86ª Sessão Ordinária - 09/11/2005
O SR. DEPUTADO FRANCISCO KÜSTER - Sr. presidente, srs. deputados, sras. deputadas, conterrâneos que nos prestigiam com sua presença neste plenário e os que nos acompanham pela TVAL.
O Sr. Deputado Afrânio Boppré - V.Exa. me concede um aparte?
O SR. DEPUTADO FRANCISCO KÜSTER - Pois não!
O Sr. Deputado Afrânio Boppré - Deputado, estou pedindo um aparte a v.exa. para que não fique esse mal entendido com a deputada Odete de Jesus.
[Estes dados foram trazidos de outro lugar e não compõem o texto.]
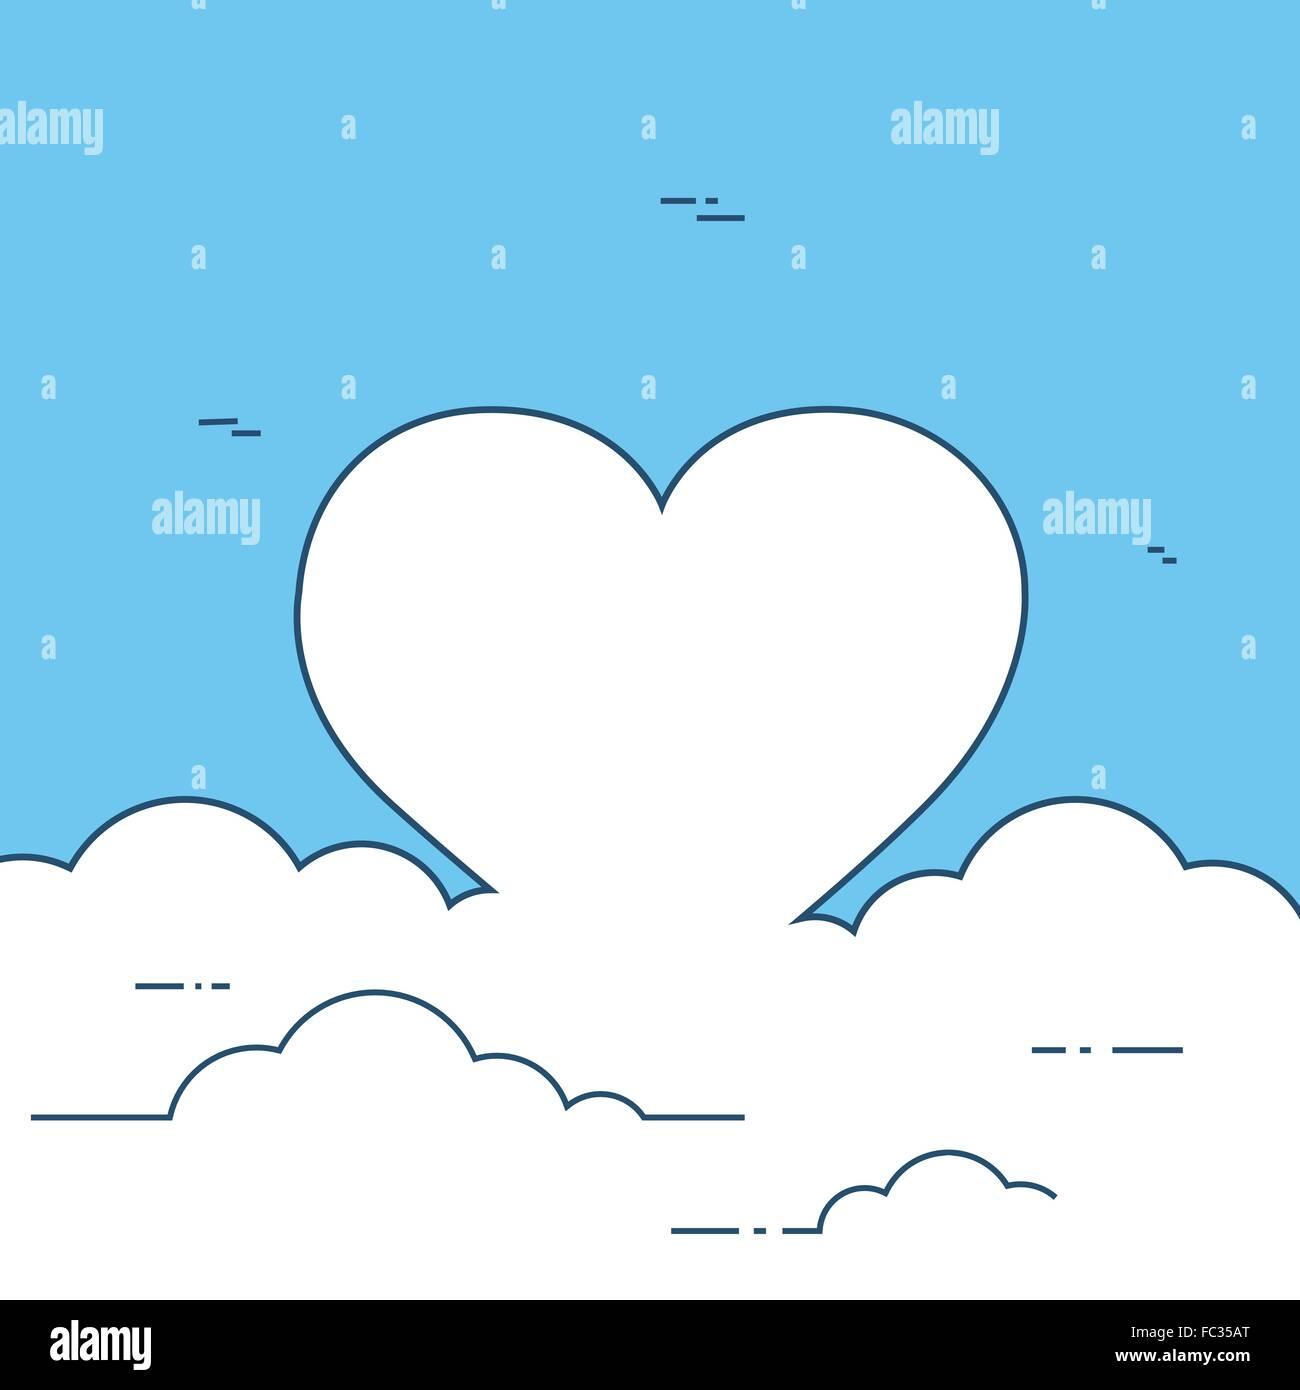 Heart Shape Frame Doodle White Cloud Background Stock Vector Art ...

Deputada, eu não disse que v.exa. acusou que havia pessoas armadas neste plenário. O que eu disse foi que v.exa. suspeitou que talvez pudesse haver alguém aqui armado.
O que eu quero dizer é que nós conhecemos essas pessoas. São militantes de movimentos sociais que vieram aqui se manifestar da sua forma. Quem somos nós para dizer como é que eles devem manifestar-se? Temos que respeitar a independência dos manifestantes.
Então, eu só quis aqui declarar que são pessoas trabalhadoras, são dirigentes sindicais, pais de família que não colocaram as nossas vidas em risco. Vieram aqui protestar porque são pessoas que têm ideais, têm posições políticas, têm bandeiras de luta e que neste momento colidem frontalmente com o entendimento do governador Luiz Henrique da Silveira.
Obrigado, deputado.
O SR. DEPUTADO FRANCISCO KÜSTER - Sr. presidente, sras. deputadas e srs. deputados, tenho alguns registros para fazer nesta oportunidade. O primeiro deles foi alvo de uma manifestação, no dia de ontem, por parte do deputado Onofre Santo Agostini e versa sobre o nosso aeroporto regional de Correia Pinto, uma obra ameaçada de paralisação por displicência do governo federal, devido ao atraso de repasses, de recursos.
É preciso que cada um dos que milita na política da região serrana, que representa aquela região, faça um revezamento, nesta tribuna, para manifestar o nosso descontentamento, o nosso repúdio à displicência, ao descaso com que o governo federal está tratando as obras que são de vital importância para o estado de Santa Catarina. Eu me reporto mais especificamente ao problema do aeroporto regional.
O governo do estado está aportando religiosamente a sua contrapartida, mas por causa do governo federal a obra talvez tenha que ser paralisada por falta de repasse de recursos. Fica, aqui, então o registro, a manifestação de repúdio por esse comportamento, por esse descaso com que o governo federal vem tratando os interesses da gente catarinense, do estado de Santa Catarina.
Ato contínuo, sr. presidente, na mesma linha de raciocínio e preocupação dos representantes da região serrana, e quero crer que de todos os catarinenses, quero falar sobre a crise que já se faz sentir na economia catarinense.
Reporto-me, nesta oportunidade, mais especificamente à crise no setor madeireiro, que emprega milhares e milhares de pessoas na região serrana, o qual está ameaçado pela paralisação das atividades de várias empresas do setor, já desempregando mais de dois mil conterrâneos, deputado Onofre Santo Agostini, com grande repercussão social, devido ao desemprego dos pais de famílias, com a desaceleração da economia, em função do descompasso da política econômica do governo federal.
De um lado está essa questão do câmbio, que é complicada - e esses conterrâneos apostaram muito no mercado externo - e de outro lado está a elevação exagerada das tarifas públicas, o custo da matéria-prima e a elevação da carga tributária. A soma destes ingredientes vem resultando, deputado Onofre Santo Agostini, na paralisação de várias empresas, com algumas, até, infelizmente, fechando as suas portas em definitivo e outras ficando no aguardo de uma melhoria a curto prazo para retomar suas atividades.
Nós, que representamos o povo, que temos uma preocupação com a necessidade de geração de novas oportunidades de trabalho, temos que protestar, sim, contra a política econômica do governo federal.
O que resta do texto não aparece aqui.